Figure 2. An overview of integrated strategies for small proteins prediction. It is challenge to differentiate meaningful gene-coding sORFs from inutile sORFs because the shorter the protein sequence, the greater the probability of error rate of detection. First we suggest splitting the annotation of SPs from other proteins. Second, it is better to combine both in silico algorithms and evidence-based analysis. Then merge the two parts of results and get two sets of SPs as follows. The strict validated SPs are those validated by both methods, while other validated SPs are those only validated by either in silico algorithms or evidence-based analysis.
Genome-Wide Prediction in Species Level
Because of the advances in experimental and computational approaches, it has emerged that most studies (Table 2) are focused on large-scale discovery of SPs in species rather than a small number of SP families in specific organisms. In prokaryotes, Peter performed systematic function analysis of potential proteins, including 345 small polypeptide ORFs (of 85 codons or less) in Bacillus subtilis, which is known to produce an abundance of small polypeptides (Zuber, 2001). In single-cell eukaryotes, e.g., S. cerevisiae, Marco used genome-wide comparative analysis and identified 117 novel small genes, 84 of which are transcribed (Kessler et al., 2003).

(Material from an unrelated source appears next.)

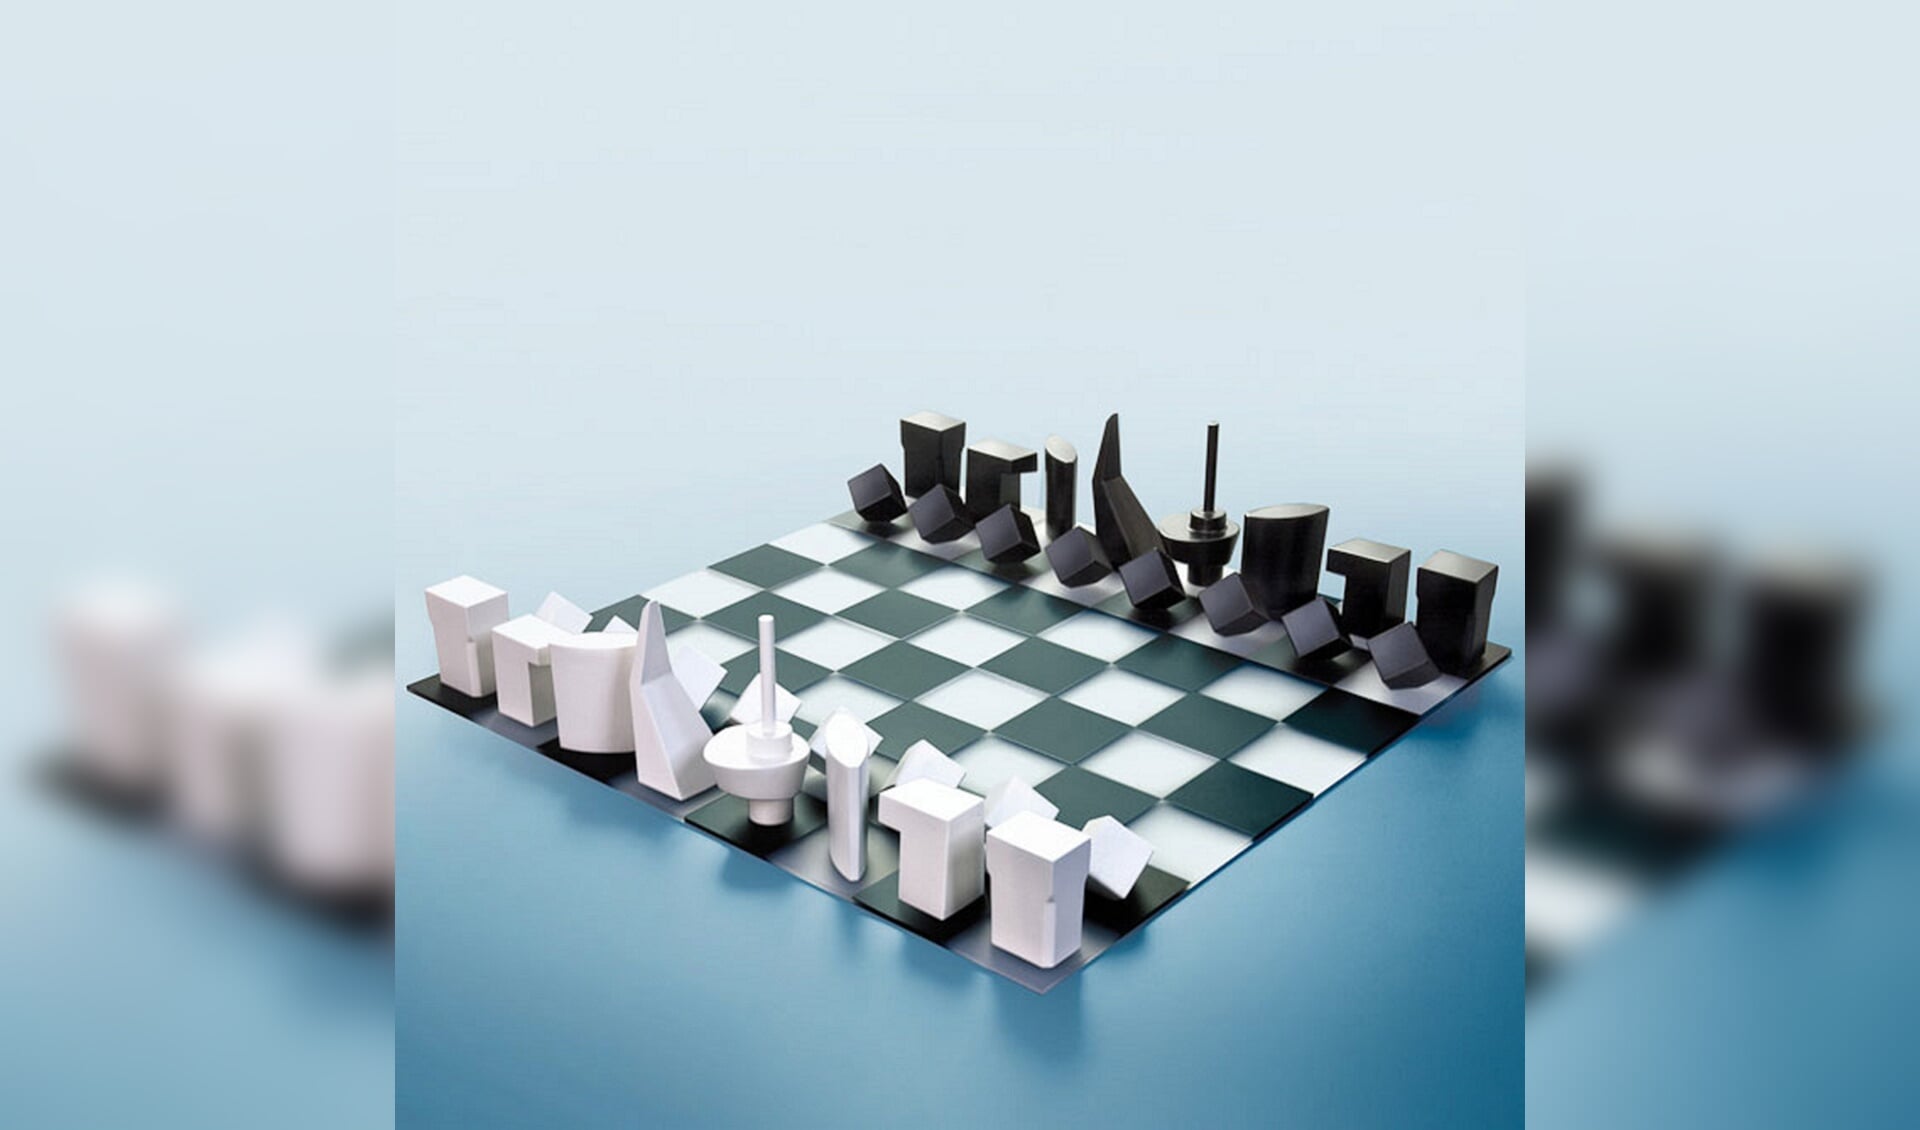 Het Rotterdamse schaakspel.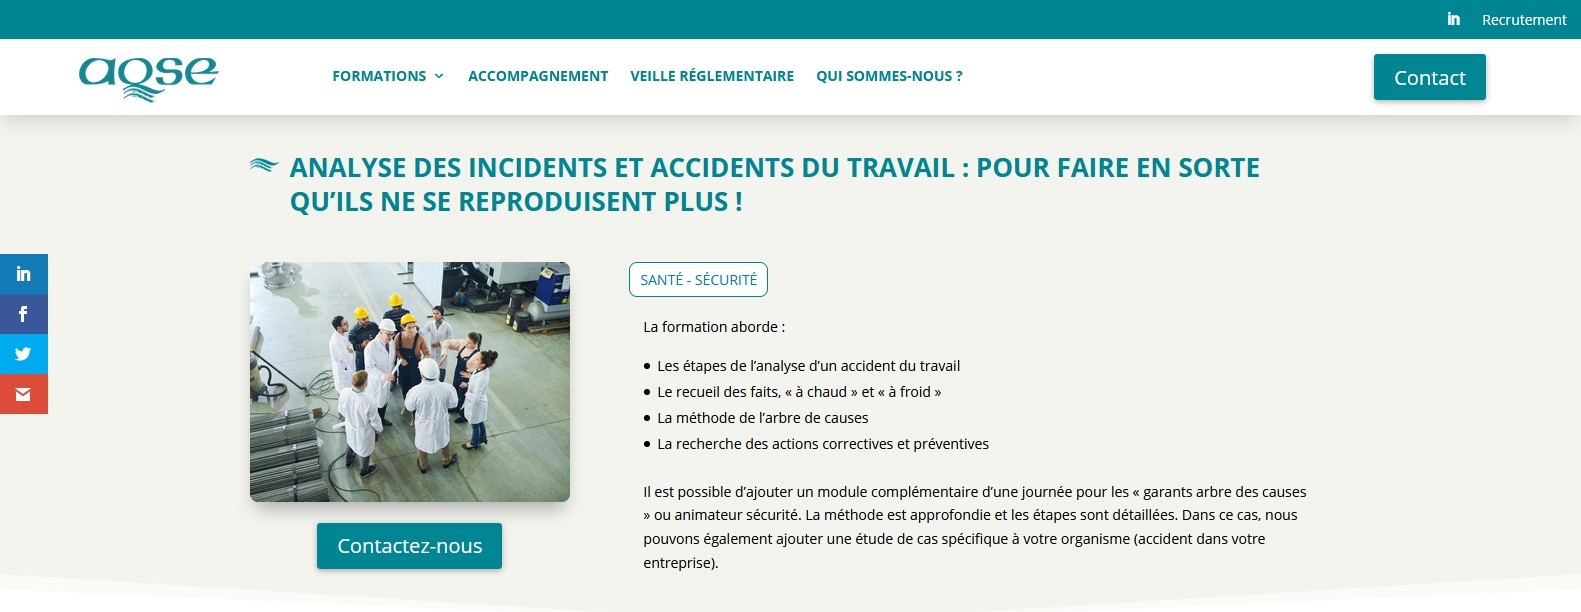 AQSE-france.fr Formation analyse des accidents du travail méthode de l'arbre des causes

Kastenmayer et al. used gene expression-based analyses and homology searching and brought the total number of un-annotated sORFs in S. cerevisiae to 299, 247 of which have been verified experimentally (Kastenmayer et al., 2006). Earlier studies in plants showed that relatively little is known about sORF genes except for a number of small secreted proteins in A. thaliana (Cock and McCormick, 2001; Butenko et al., 2003). Recent studies have revealed a large number of novel coding sORFs. Lease and Walker predicted 33,809 un-annotated Arabidopsis ORFs encoding SPs of 25–250 AA in length (Lease and Walker, 2006); Hanada identified 3241 coding sORFs with either evidence of transcription or purifying selection which likely to be novel coding gene (Hanada et al., 2007). In animals, Emmanuel and Vini identified nearly 600,000 sORFs in the putatively non-coding euchromatic DNA of Drosophila melanogaster (Ladoukakis et al., 2011); Frith et al. reported that ~10% of proteins in Mus musculus are <100 AAs, although the majority of these are variants of proteins that are >100 AAs (Frith et al., 2006). Despite the inherent difficulties of identifying sORFs, these publications of large-scale discovery efforts may reveal additional sORFs with more valuable data and more advanced sORFs discovery methods.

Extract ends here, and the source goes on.